Paham sekuler yang bercokol kian memperparah terjadinya pergaulan bebas. Menjauhkan kaum muslim dari ajarannya. Apalagi dalam sistem ini perbuatan zina bukan dianggap kejahatan. Sehingga pelakunya bebas dari hukuman. Mereka hanya akan diberi arahan dan kedua orang tua dipanggil sebagai penjamin. Atau paling mentok pasangan tersebut akan segera dinikahkan. Sehingga, meskipun tertangkap tidak akan menimbulkan efek jera.
Alhasil kejadian serupa terus saja berulang. Berbeda dengan Islam yang menempatkan zina sebagai kejahatan. Maka pelakunya harus diberi sanksi. Jika belum menikah harus dicambuk seratus kali. Apabilatelah menikah pelakunya dihukum rajam sampai mati. Hal ini jelas akan menimbulkan efek jera.

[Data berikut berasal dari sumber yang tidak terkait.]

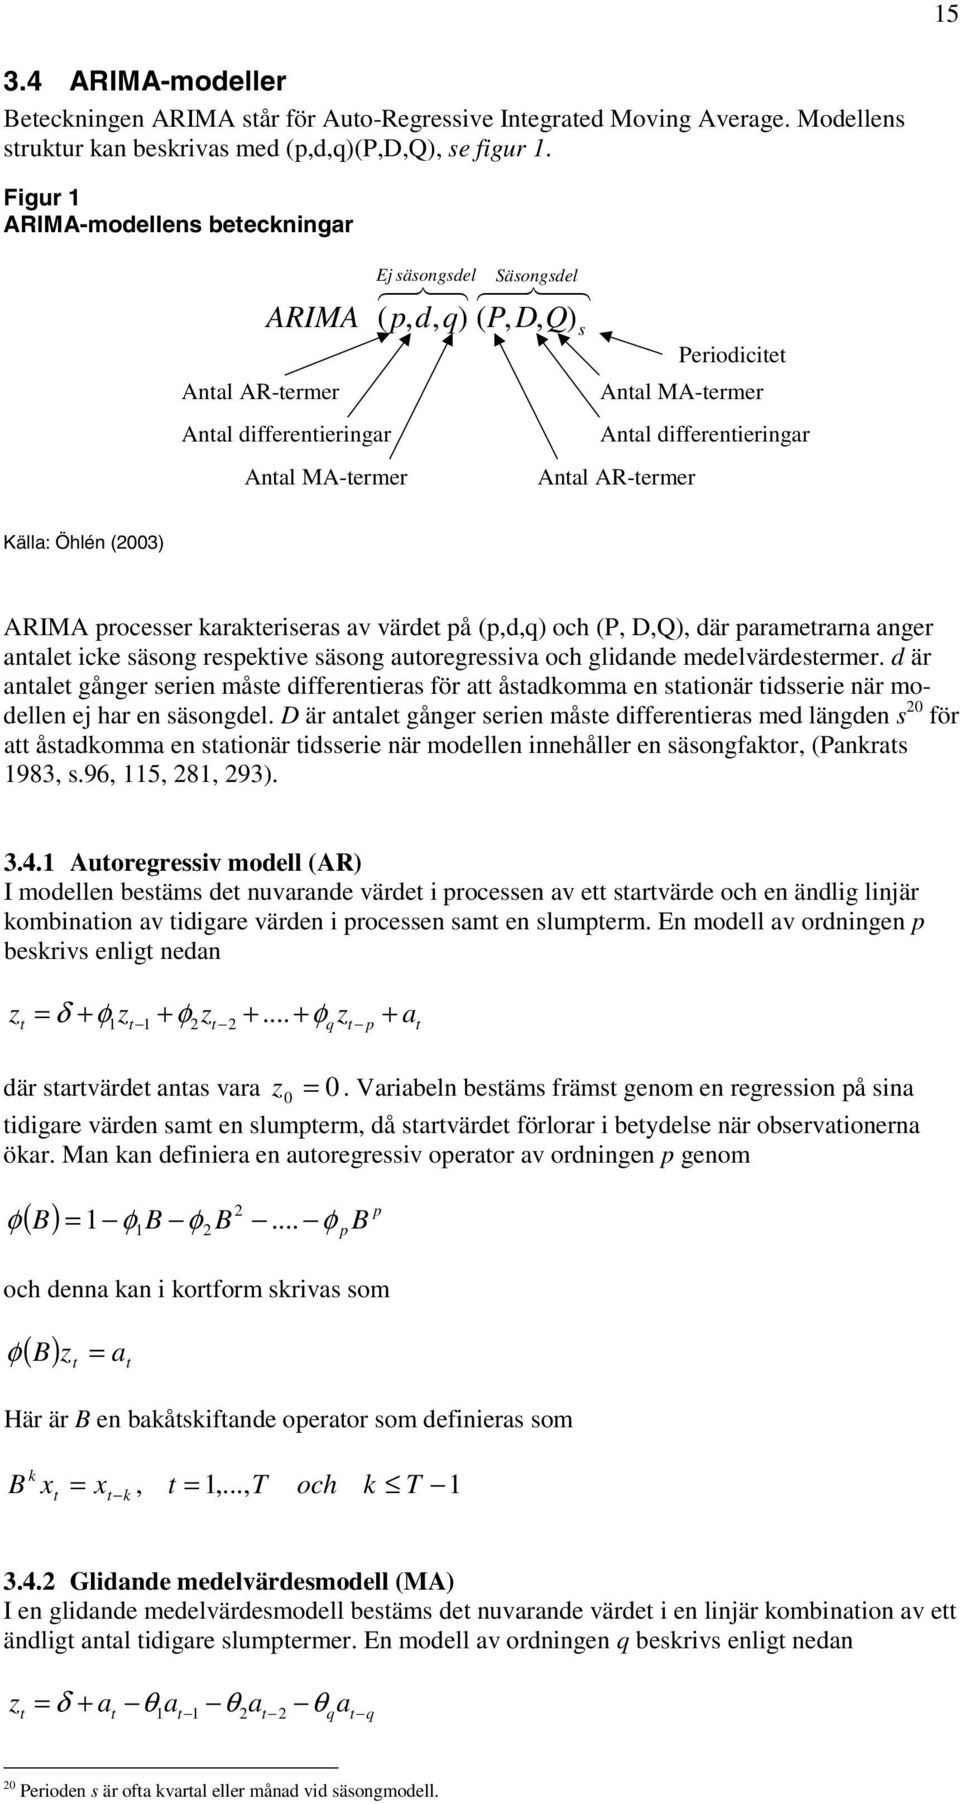 Anal AR-ermer Källa: Öhlén (2003) ARIMA processer karakeriseras av värde på (p,d,q) och (P, D,Q), där paramerarna anger anale icke säsong respekive säsong auoregressiva och glidande medelvärdesermer.

Sehingga ketika ingin melakukan perbuatan zina akan berpikir seribu kali. Hukuman ini hanya bisa dilakukan oleh sebuah negara. Dimana dalamnya diterapkan peraturan Islam secara menyeluruh. Namun negara juga memiliki tanggung jawab untuk menutup peluang kemaksiatan. Salah satunya menerapkan aturan dalam berinteraksi.
Seperti menutup aurat, tidak bertabaruj,larangan berkhalwat atau pun ikhtilat yang tidak dibenarkan oleh syariat. Islam juga menutup segala akses yang bisa membuka peluang kemaksiatan. Maka ketika upaya pencegahan telah dilakukan tetapi masih ada pelanggaran syariat.
Para pelaku harus dijatuhi hukuman. Tidak peduli mereka masih remaja. Karena dalam Islam ,baligh merupakan batas usia untuk menerima konsekuensi atas sebuah perbuatan.Wallahua’alam bishshawab.